Extending Text Generation

This feature should be considered Experimental.

The PyfuncText, PyfuncTextFactory and FakerTextFactory classes provide a mechanism to expand text generation to include the use of arbitrary Python functions and 3rd party data generation libraries.

The following example illustrates extension with the open source Faker library using the extended syntax.

from dbldatagen import DataGenerator, fakerText
from faker.providers import internet

shuffle_partitions_requested = 8
partitions_requested = 8
data_rows = 100000

# partition parameters etc.
spark.conf.set("spark.sql.shuffle.partitions", shuffle_partitions_requested)

my_word_list = [
'danish','cheesecake','sugar',
'Lollipop','wafer','Gummies',
'sesame','Jelly','beans',
'pie','bar','Ice','oat' ]

fakerDataspec = (DataGenerator(spark, rows=data_rows, partitions=partitions_requested)
            .withColumn("name", percentNulls=0.1, text=fakerText("name") )
            .withColumn("address", text=fakerText("address" ))
            .withColumn("email", text=fakerText("ascii_company_email") )
            .withColumn("ip_address", text=fakerText("ipv4_private" ))
            .withColumn("faker_text", text=fakerText("sentence", ext_word_list=my_word_list))
            )
dfFakerOnly = fakerDataspec.build()

dfFakerOnly.write.format("delta").mode("overwrite").save("/tmp/test-output")

Lets look at the various features provided to do this.

Extended text generation with Python functions

The PyfuncText object supports extending text generation with Python functions.

It allows specification of two functions

  • a context initialization function to initialize shared state

  • a text generation function to generate text for a specific column value

This allows integration of both arbitrary Python code and of 3rd party libraries into the text generation process.

For more information, see PyfuncText

Note

The performance of text generation using external libraries or Python functions may be substantially slower than the base text generation capabilities. However it should be sufficient for generation of tables of up to 100 million rows on a medium sized cluster.

Note that we do not test compatibility with specific libraries and no expectations are made on the repeatability of data when generated using external functions or libraries.

Example 1: Using a custom Python function

The following code shows use of a custom Python function to generate text:

from dbldatagen import DataGenerator, PyfuncText
partitions_requested = 4
data_rows = 100 * 1000

# the initialization function
def initPluginContext(context):
   context.prefix = "testing"

# the data generation function
text_generator = (lambda context, value: context.prefix + str(value))

pluginDataspec = (DataGenerator(spark, rows=data_rows, partitions=partitions_requested,
                  randomSeedMethod="hash_fieldname")
                  .withColumn("text",
                              text=PyfuncText(text_generator,
                              initFn=initPluginContext))
                 )

dfPlugin = pluginDataspec.build()
dfPlugin.show()

Extended text generation with 3rd party libraries

The same mechanism can be used to make use of the capabilities of 3rd party libraries.

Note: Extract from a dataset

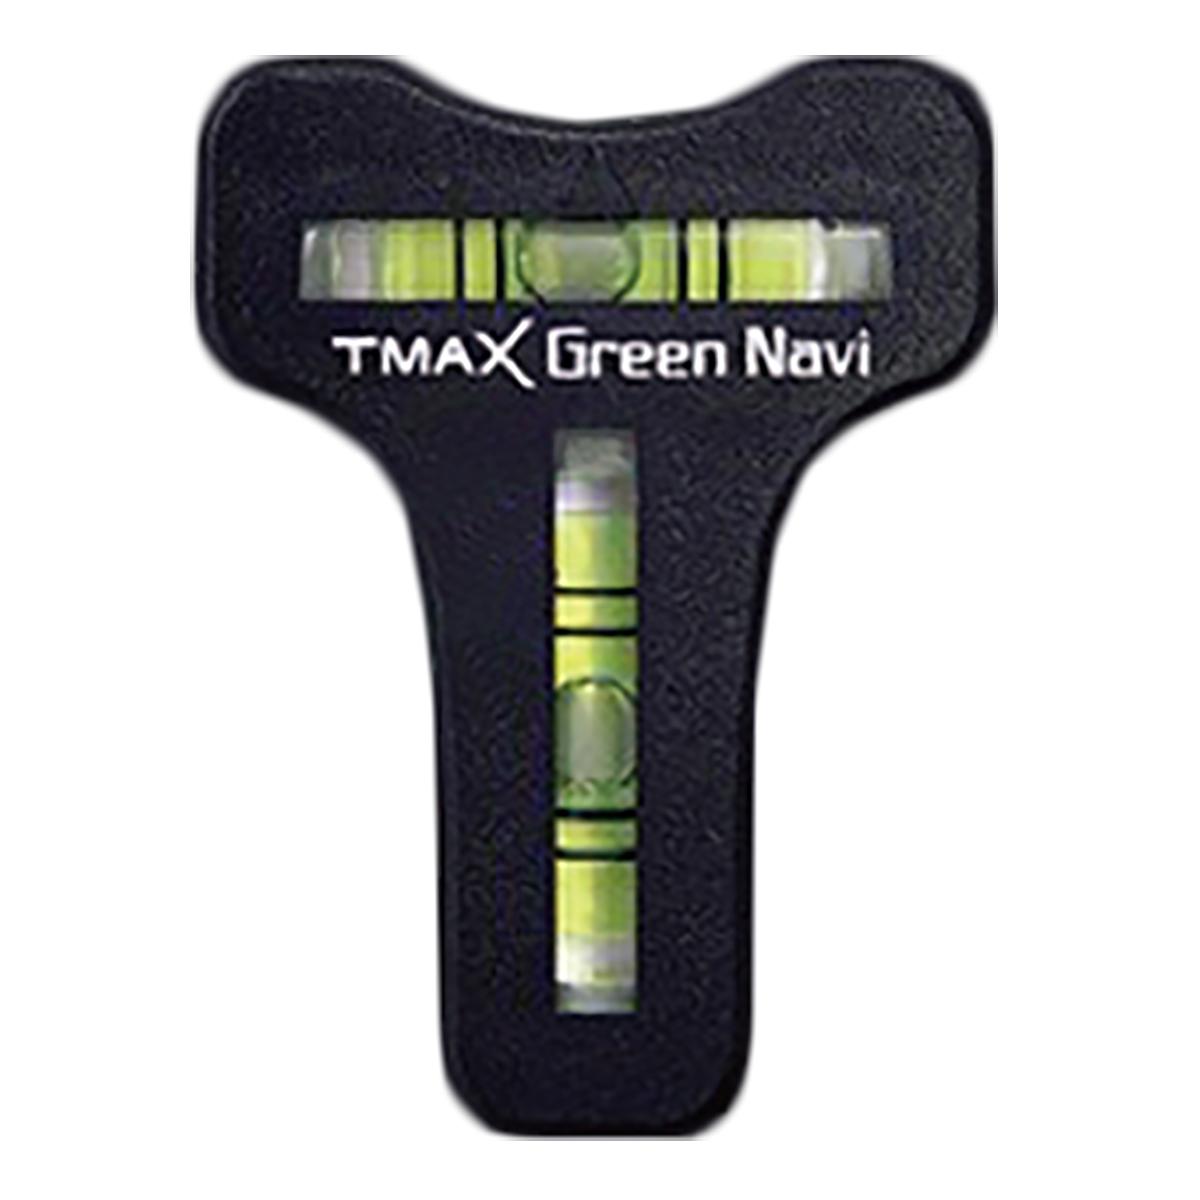 MATRO GOLF グリーンナビ水平器マーカー

The context object can be initialized with any arbitrary properties that may be referenced during the execution of the text generation function.

This can include use of session or connection objects, lookup dictionaries etc. As a separate context instance is created for each worker node process for each PyfuncText text generator, the object does not have to be pickled or serialized across process boundaries.

By default the context is shared across calls to the underlying Pandas UDF that generates the text. If the context properties cannot be shared across multiple calls, you can specify that the context is recreated for each Pandas UDF call.

Example 2: Using an external text data generation library

The following code shows use of an external text generation library to generate text.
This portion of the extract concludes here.